Children and young people—prophets—have been using their platforms and networks, including social media, to speak truth to those in power.
A while back, I was listening to a conversation between a friend and her 10 year-old son. My friend told her son at the end of their talk, “Remember, that you are the hope of our future…” Looking annoyed and uncomfortable, her son responded, “Mama, how many times do I have to tell you that I am not the hope of the future. Why do you put so much pressure on me?” My friend looked at me in surprise and we’re both clueless how to respond at that moment.
More and more children and teens experience anxiety—and more the common phenomenon now is eco-anxiety. The American Psychological Association describes eco-anxiety as "a chronic fear of environmental doom." 1
"Children are infinitely more informed than their parents think, a lot of the time," according to a 2021 global online survey of climate anxiety in 10,000 teenagers and young adults ages 16-25 in 10 countries, including the UK, US, Brazil, India and the Philippines.
Around 60% of the young people who responded to the survey said that they felt "very" or "extremely" worried about climate change; 75% said that "the future is frightening,” 56% believe that "humanity is doomed" and 39% were hesitant to have children. Fifty-eight percent of respondents felt that governments were betraying them or future generations.
The anxiety for the future is not only limited to the issue of climate change, it intersects with issues like gender injustice—the growing hate speech and hate crimes, in particular toward women and girls. It impacts racial and systemic injustices, militarization, war, and conflict, among others.
Although young people are radically impatient with the ongoing inaction and passive response of different sectors to the climate urgency, there is still hope amidst all these—and young people are championing it.
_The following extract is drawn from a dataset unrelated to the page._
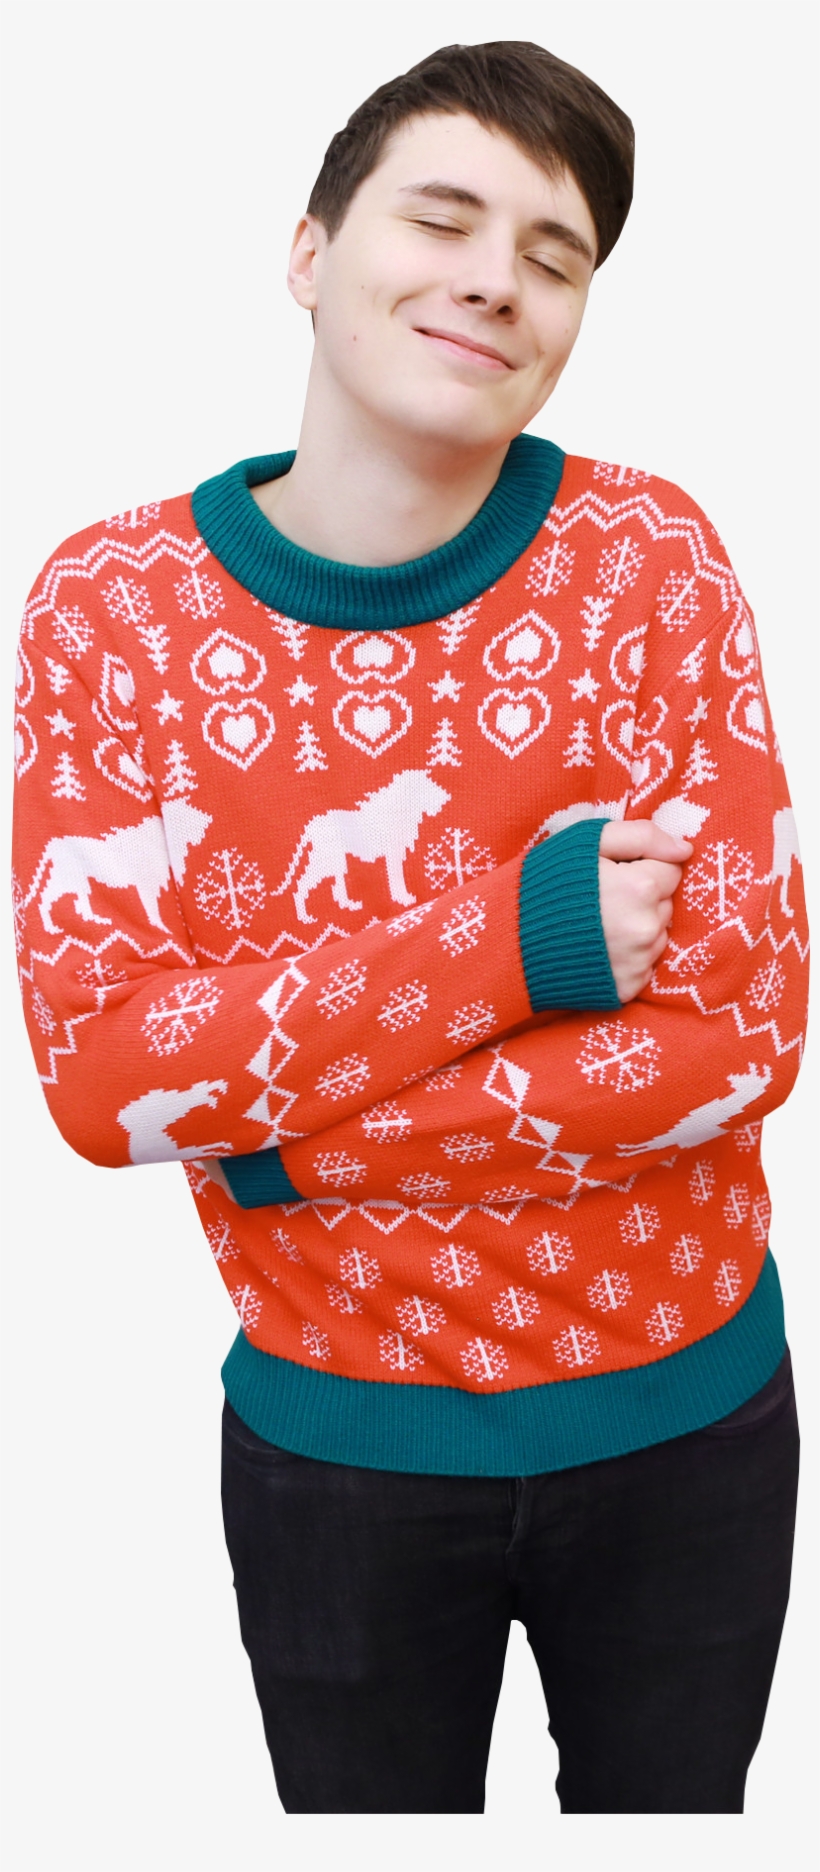 Dan And Phil Tumblr Icons Png Dan And Phil Tumblr Icons - Dan And Phil Christmas Sweater, transparent png #8441104

Within and beyond the World Council of Churches (WCC) fellowship, young people are at the frontlines of strong movements. The Climate YES (or the Climate Youth Ecumenical Service) is a product of a strong vision of young people present at COP26 in Glasgow, UK.
Members come from different parts of the world and are climate activists. Another group, Young Environmental Group, started at the WCC Ecumenical Youth Gathering in Karlsruhe, Germany this year. A group of young climate activists came together to strategize the young people’s message to the assembly in relation to the climate emergency.
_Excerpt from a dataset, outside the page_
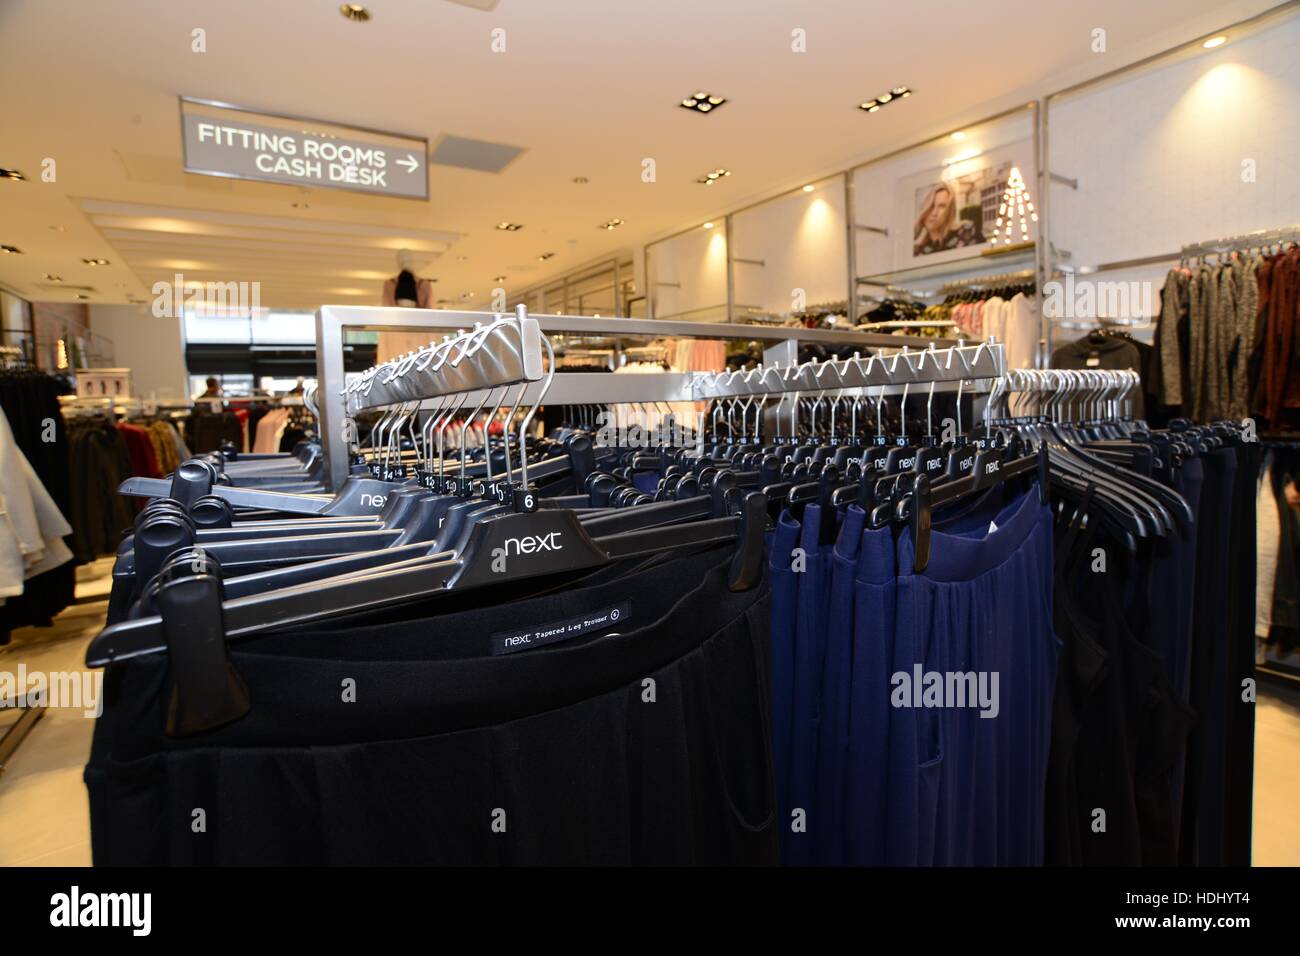 Next fashion clothing retailer. Stock Photo

Young people are already several steps ahead. Ecumenical movements like Climate YES and the Youth Environmental Group sprung out from the need to stir up the church and society to proactively act and commit to real transformation towards God’s call to God’s people for “abundant life for all (of creation and the cosmos), John 10:10b.”
In the recently concluded WCC 11th Assembly in Karlsruhe, Germany, young people sparked a climate protest, demanding decision-makers to intentionally and proactively “Walk the Talk,” a call to urgent action to climate change.
The more than 400 young people at the assembly clearly spoke of some of their laments on the climate crisis:
“● We lament the degradation and destruction of mother nature, including the oceans, for profit and human consumption, and the persecution of environmental activists who speak up.
● We lament the influence of green washing in our Christian communities that instrumentalizes the issues of climate crisis for profit.
● We lament the use of green colonialism to land-grab ancestral domains of Indigenous peoples, such as the Sámi peoples and the Maasai peoples for new ‘green technologies.’” 2
The message is clear. Young people are radically impatient of the slow response of the different sectors to the fast and changing climate conditions—for the worst.
Another clear “ask” from the young people at the WCC 11th Assembly was equal and fair representation of young people at the decision-making bodies. There is no way that the fellowship talks about the present and the future, without young people seated at the table.
As church and fellowship, we have to be reflective on our engagement with the young people. We often say that we accompany young people and provide a platform for them to speak and bring their concerns to us. However, if the accompaniment doesn’t equal to sharing the decision-making space or co-leadership, and the platform is not the decision-making table, then how is the church intentionally allowing herself to be inclusive of young people and the gifts they bring?
The call to being God’s good stewards of God’s creation is for all the generations to bear—towards a just and sustainable future for all. This is a responsibility not only for the younger generation, but also a conviction of accountability for older and other generations.
Young people can’t wait any longer. This is the church’s high time to engage herself with young people and renew her prophetic voice in the climate crisis today. And, at the same time, reflect a model of shared leadership and responsibility with young people in the decision-making spaces of the church and the fellowship.